(AVAILABLE DATA)
- - - -
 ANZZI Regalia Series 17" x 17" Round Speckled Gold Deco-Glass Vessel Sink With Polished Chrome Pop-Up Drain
- - - -
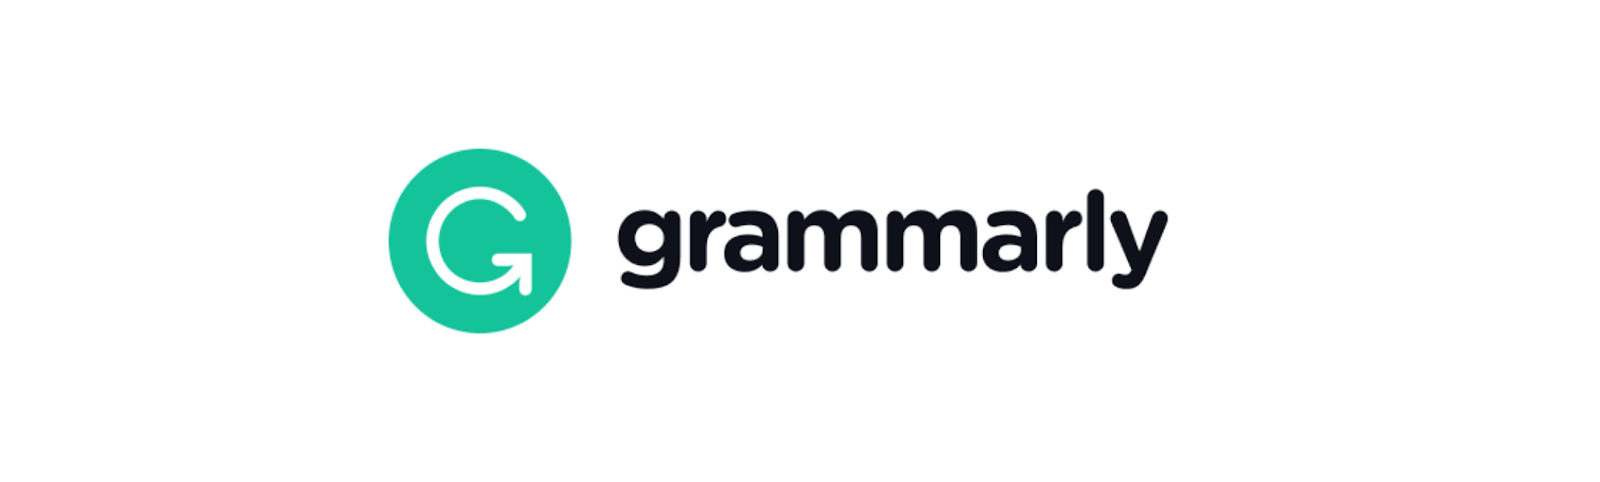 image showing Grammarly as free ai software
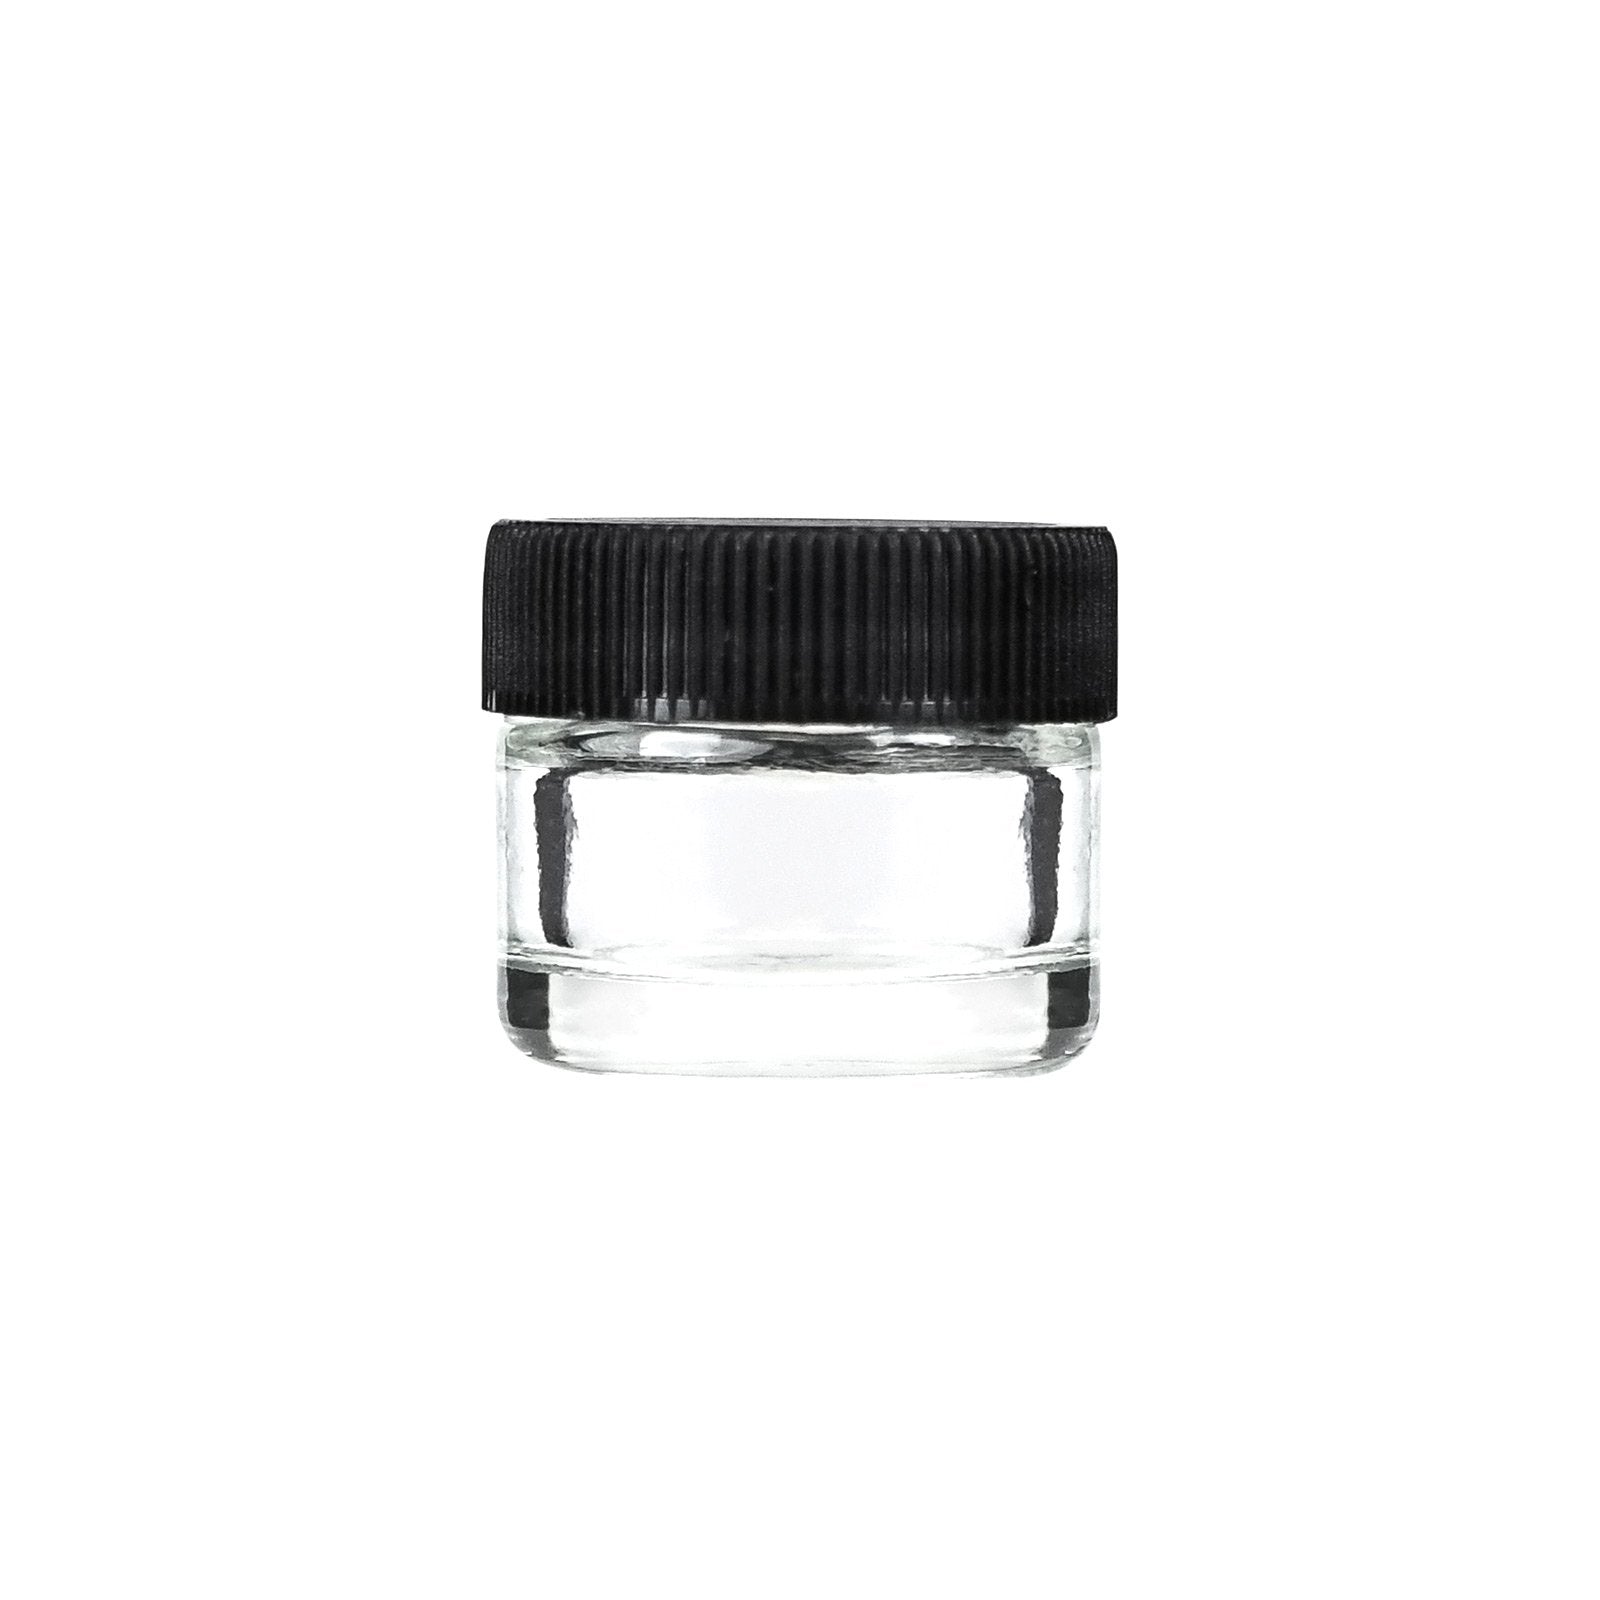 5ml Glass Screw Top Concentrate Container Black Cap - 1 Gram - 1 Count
- - - -
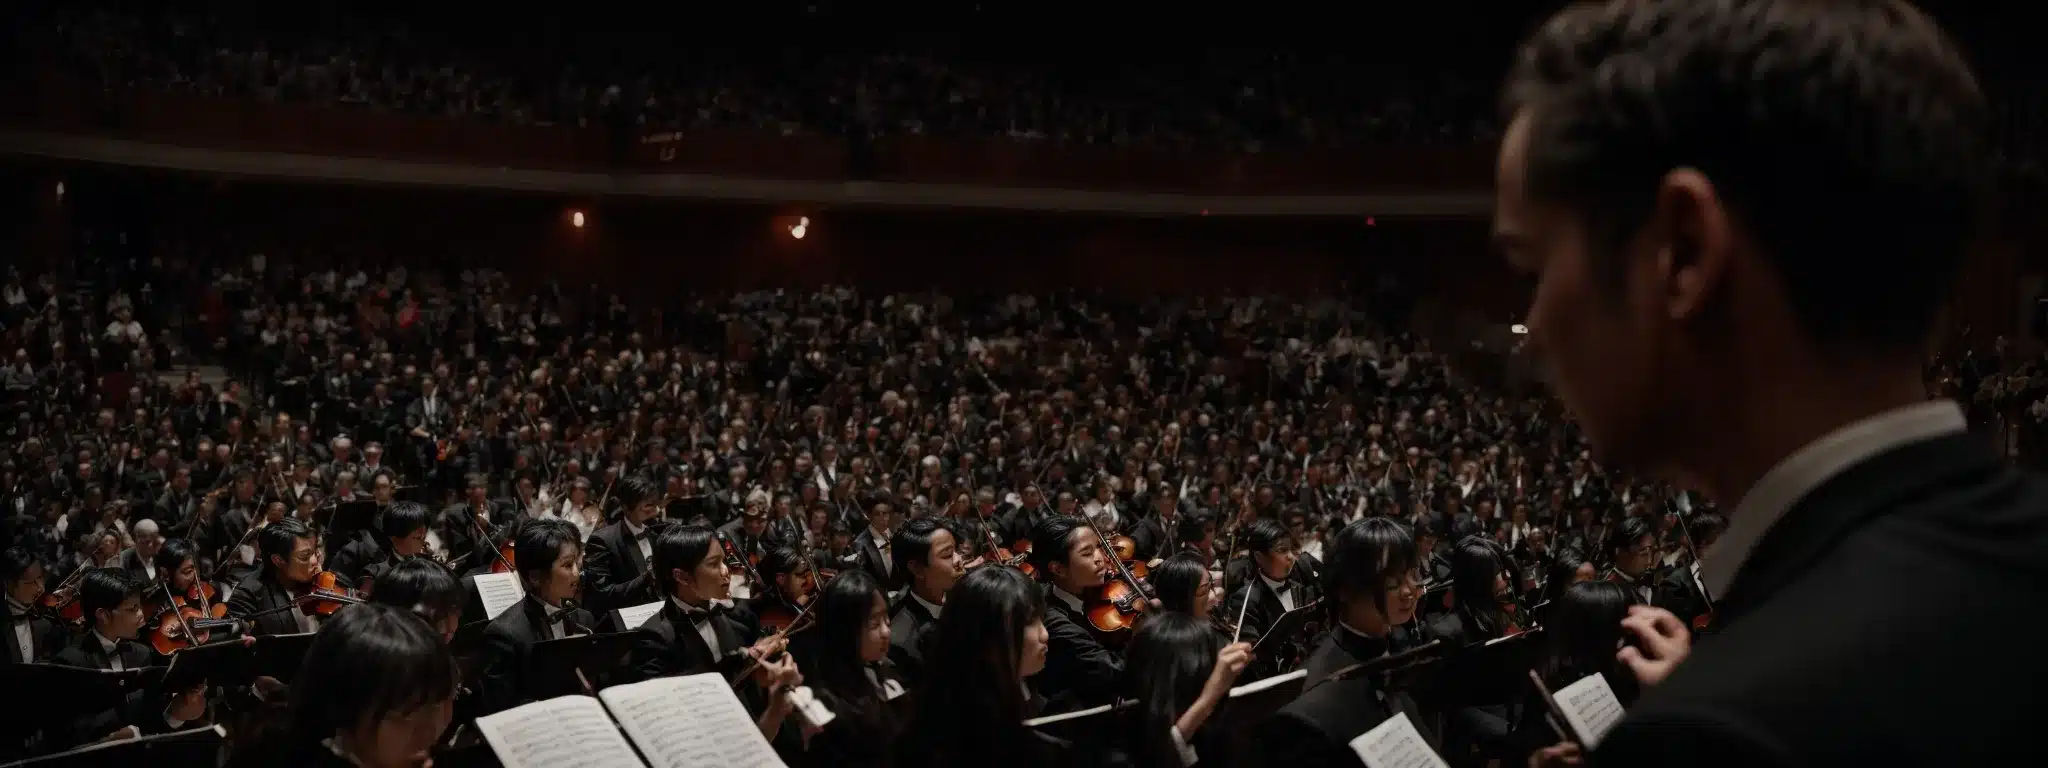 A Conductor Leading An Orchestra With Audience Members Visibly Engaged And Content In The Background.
- - - -
(REQUIRED ACTION)
Every line above in the stretch from the one with "image showing Grammarly as free ai software" through the one with "5ml Glass Screw" is to be transcribed exactly, ends included. No picture is copied.

(RESULT BELOW)
 image showing Grammarly as free ai software
 5ml Glass Screw Top Concentrate Container Black Cap - 1 Gram - 1 Count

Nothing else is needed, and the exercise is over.